Source data Block Start
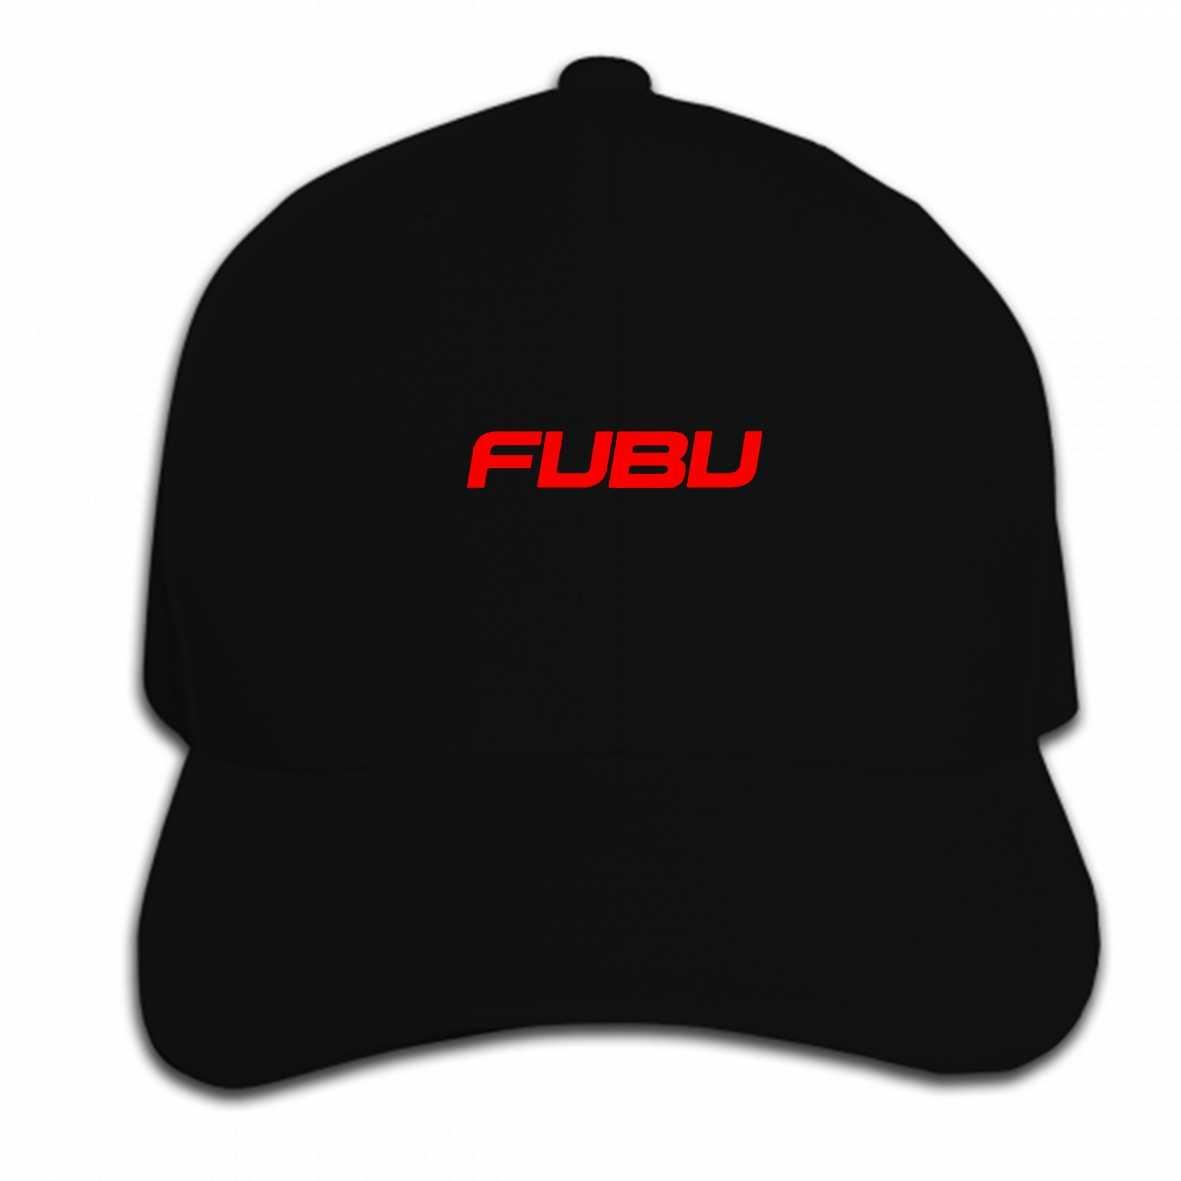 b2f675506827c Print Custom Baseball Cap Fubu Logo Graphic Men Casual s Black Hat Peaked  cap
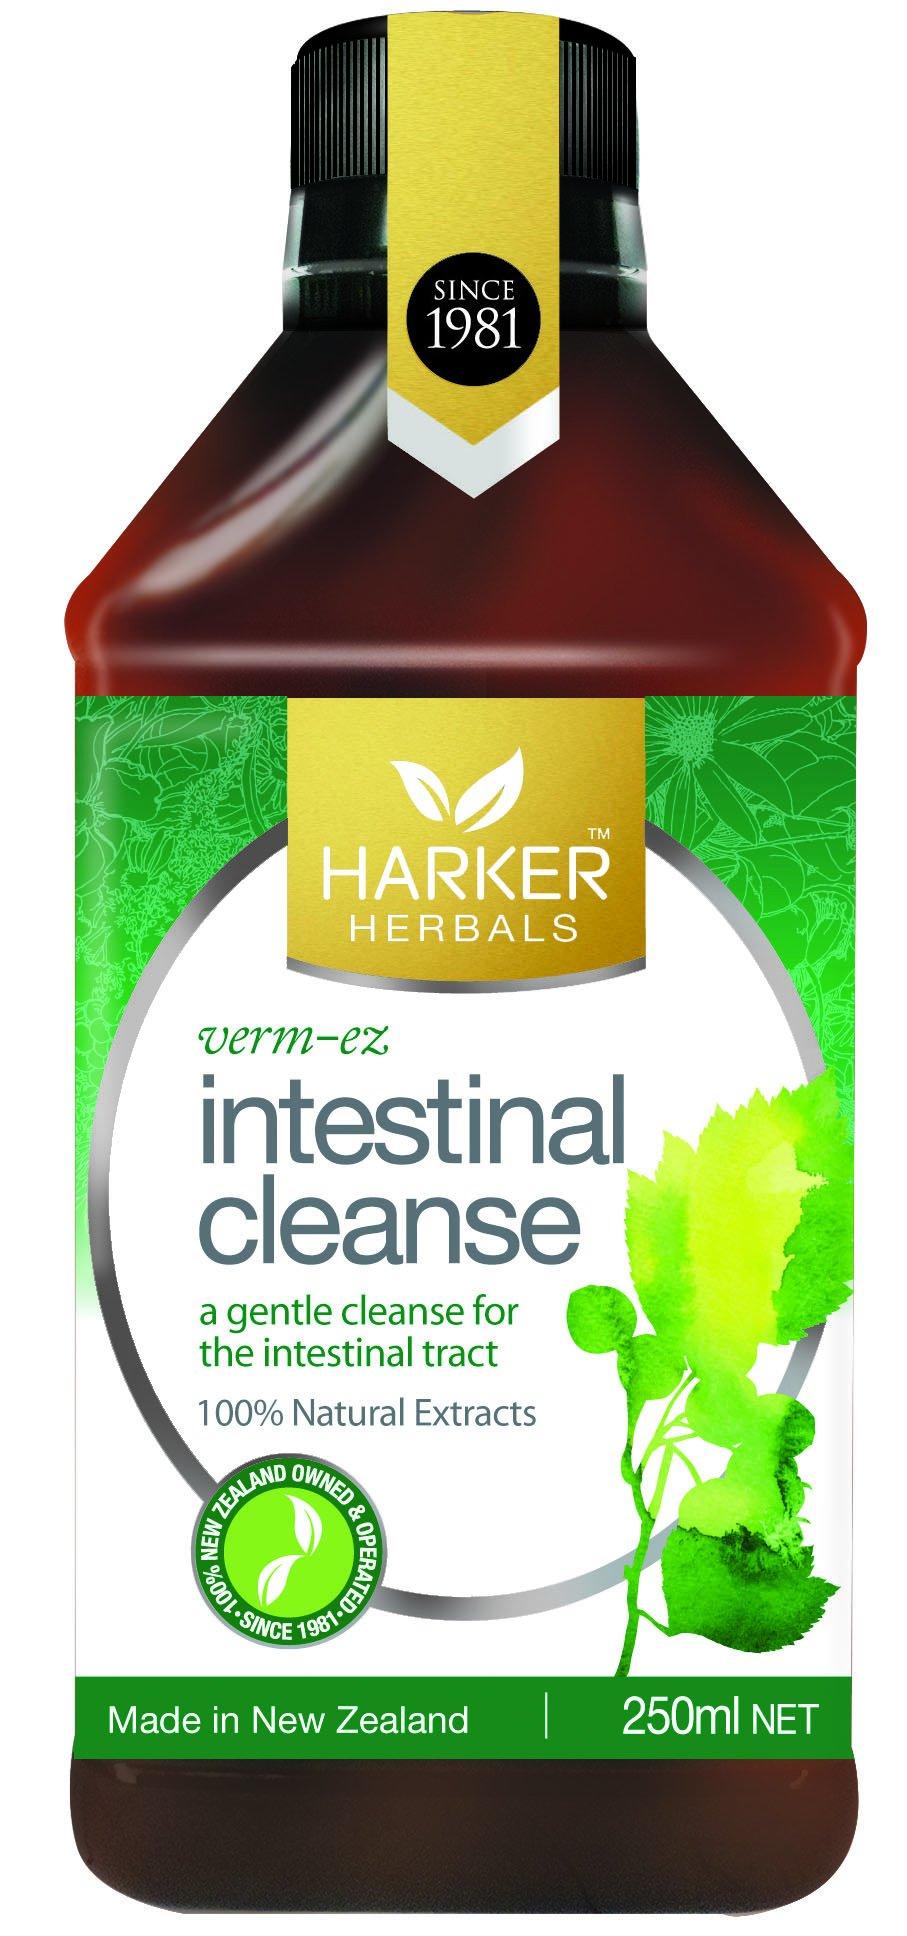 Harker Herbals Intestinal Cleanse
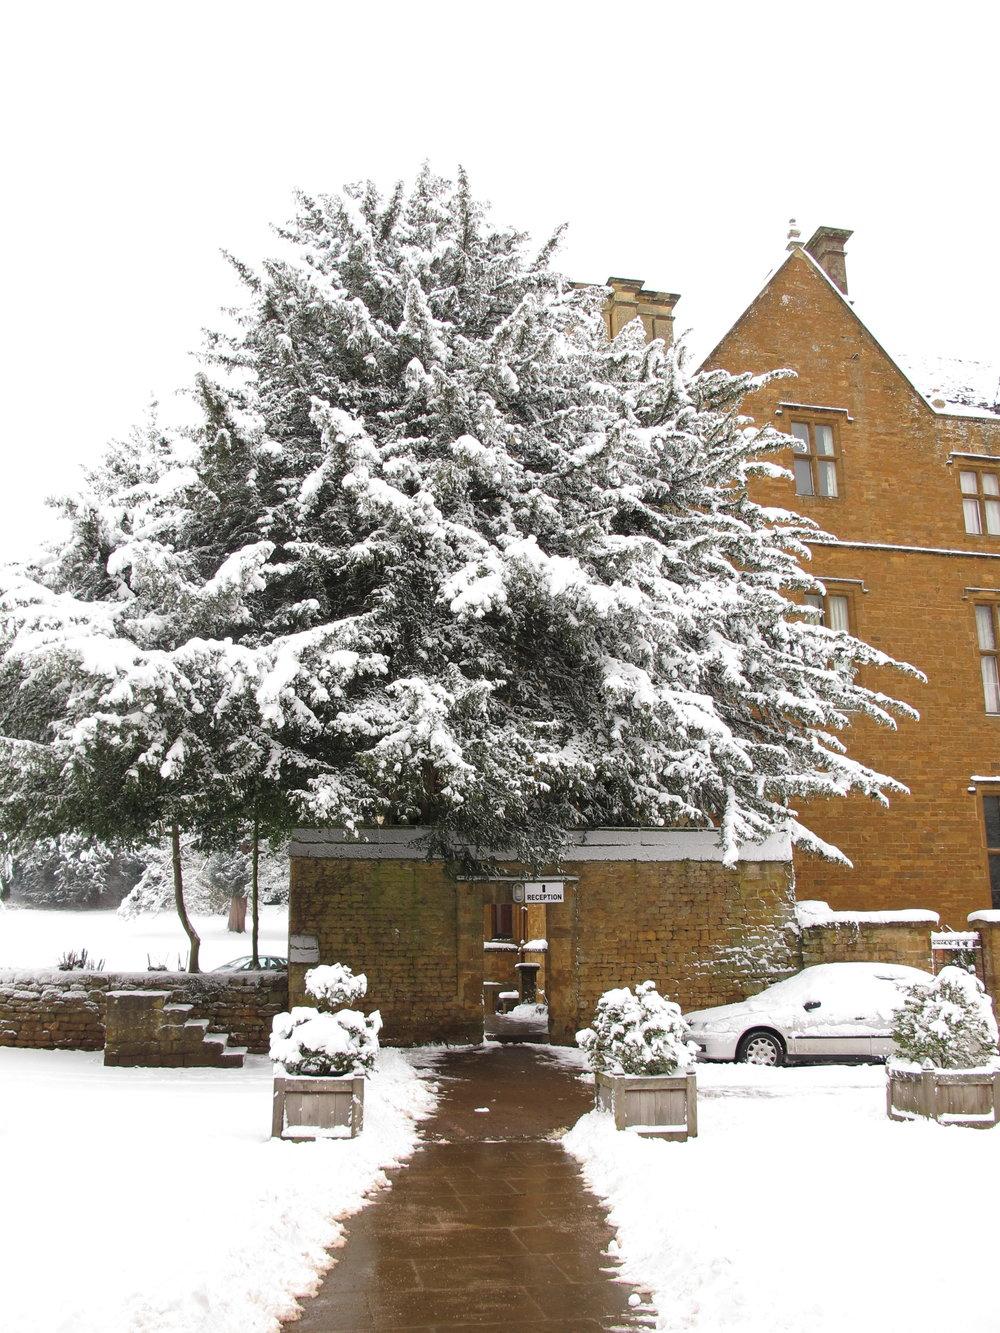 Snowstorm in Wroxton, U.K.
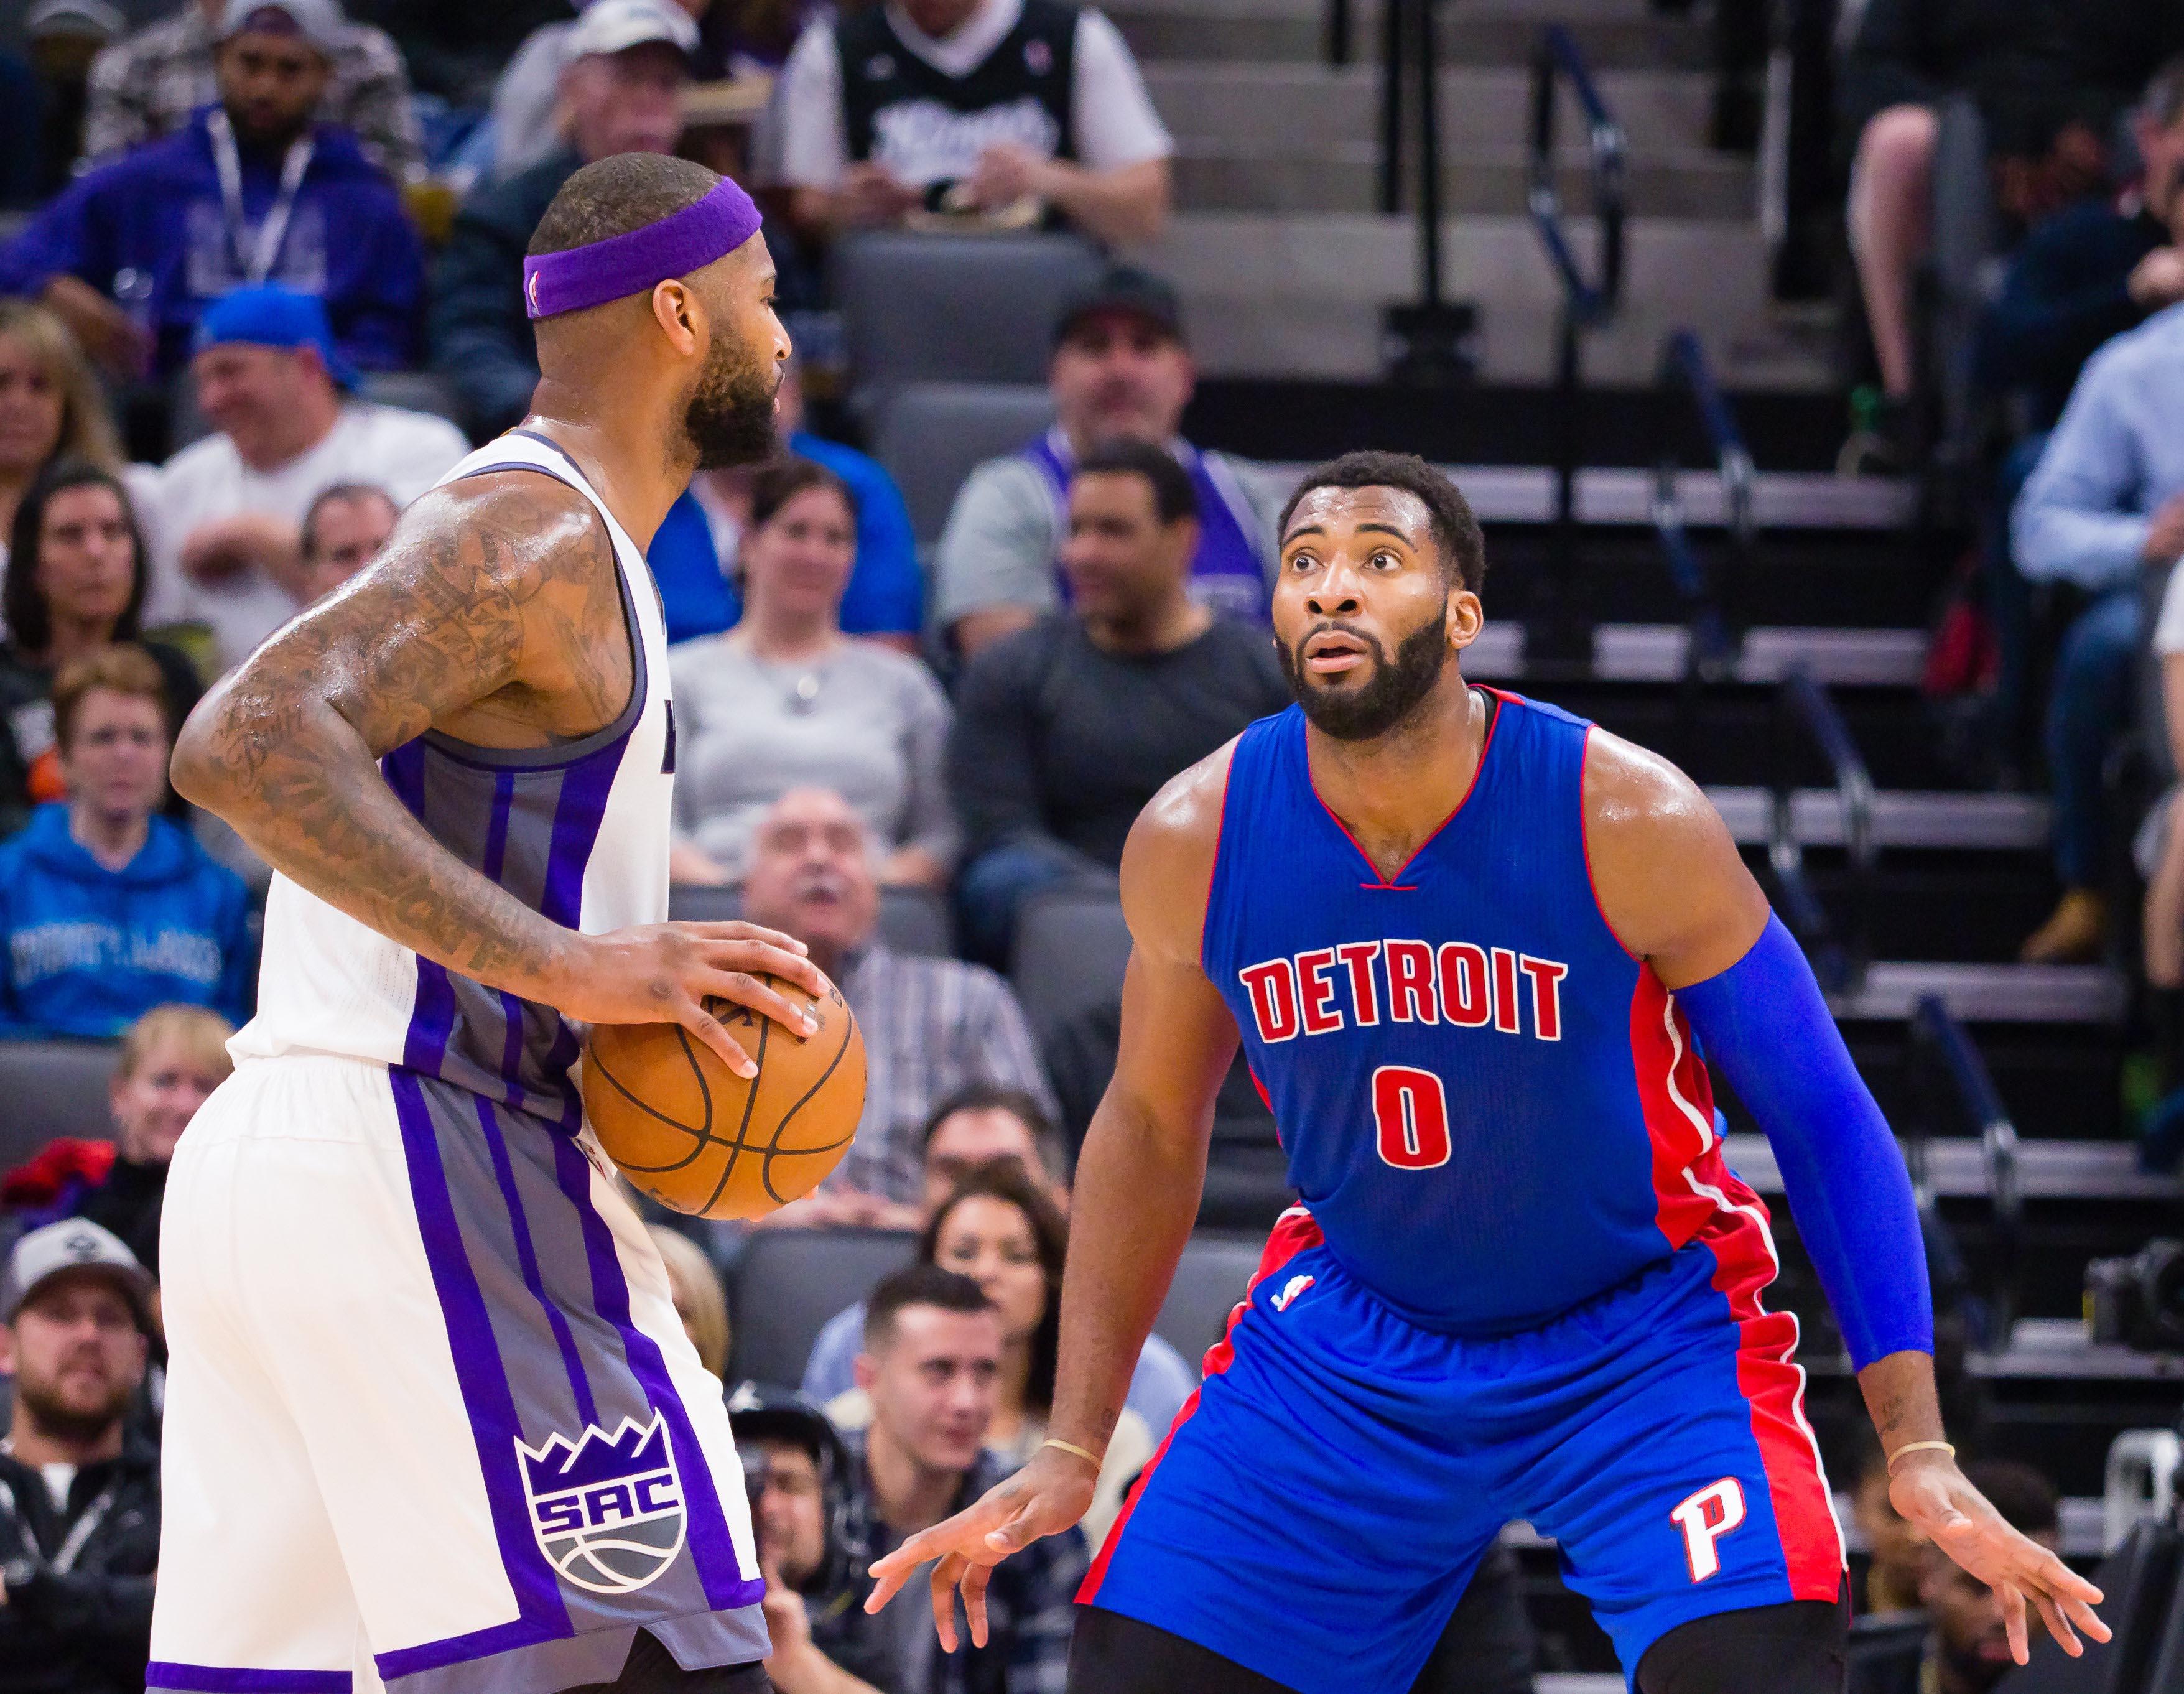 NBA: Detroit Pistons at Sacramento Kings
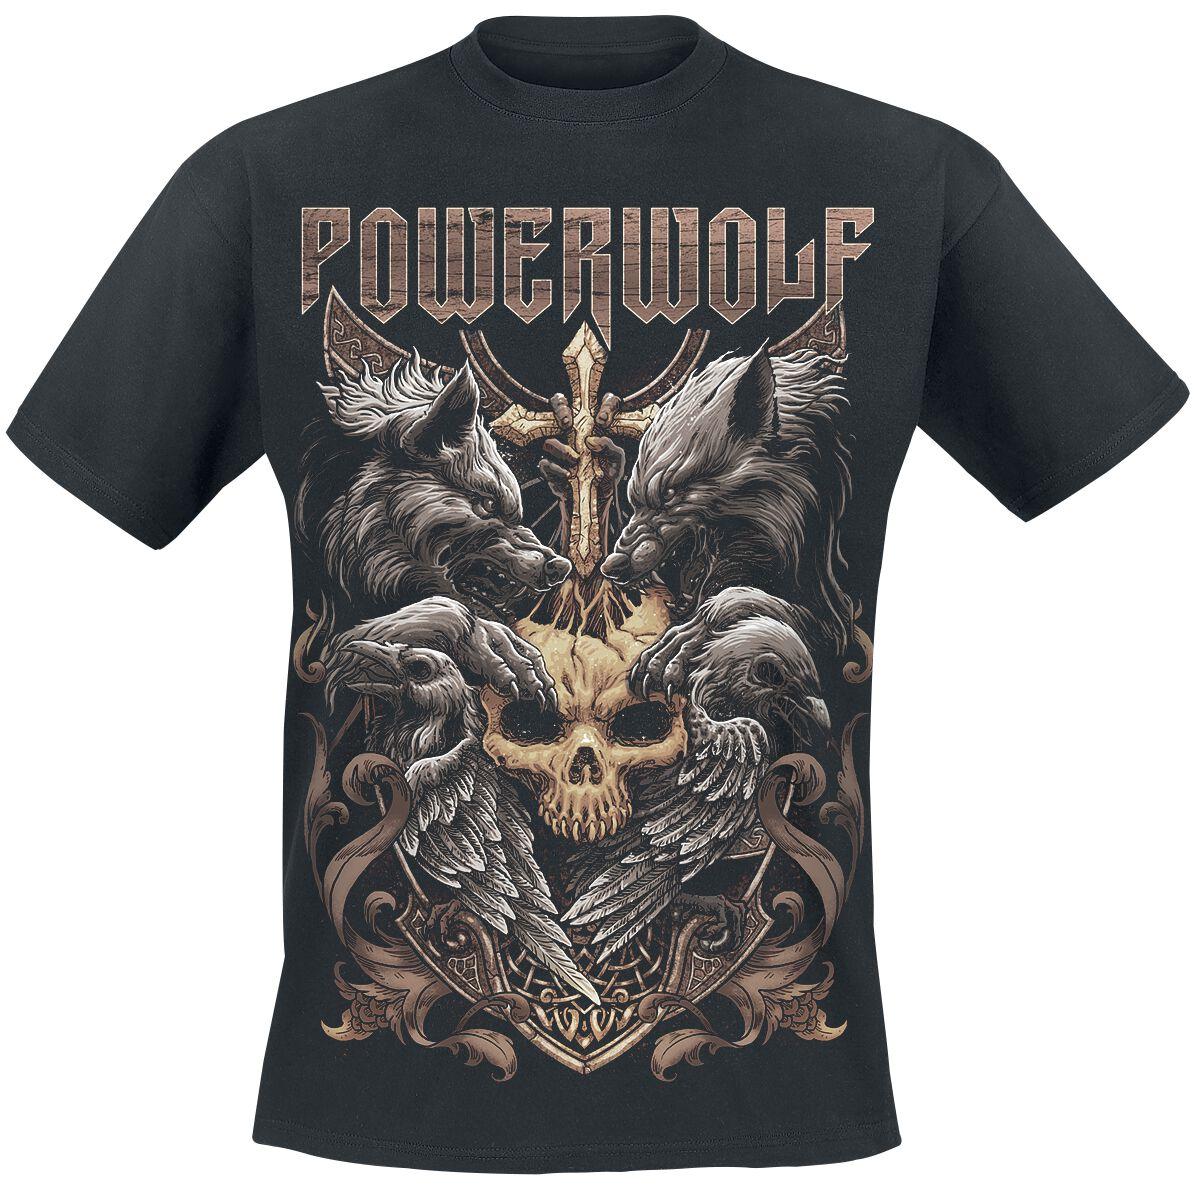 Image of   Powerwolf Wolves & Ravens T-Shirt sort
Source data Block End
**Exercise details:**
Beginning with the line that contains "Snowstorm in Wroxton, U.K." and ending with the last line of the data above, output those lines exactly and nothing more, without any pictures.

**Reply to the task:**
 Snowstorm in Wroxton, U.K.
 NBA: Detroit Pistons at Sacramento Kings
 Image of   Powerwolf Wolves & Ravens T-Shirt sort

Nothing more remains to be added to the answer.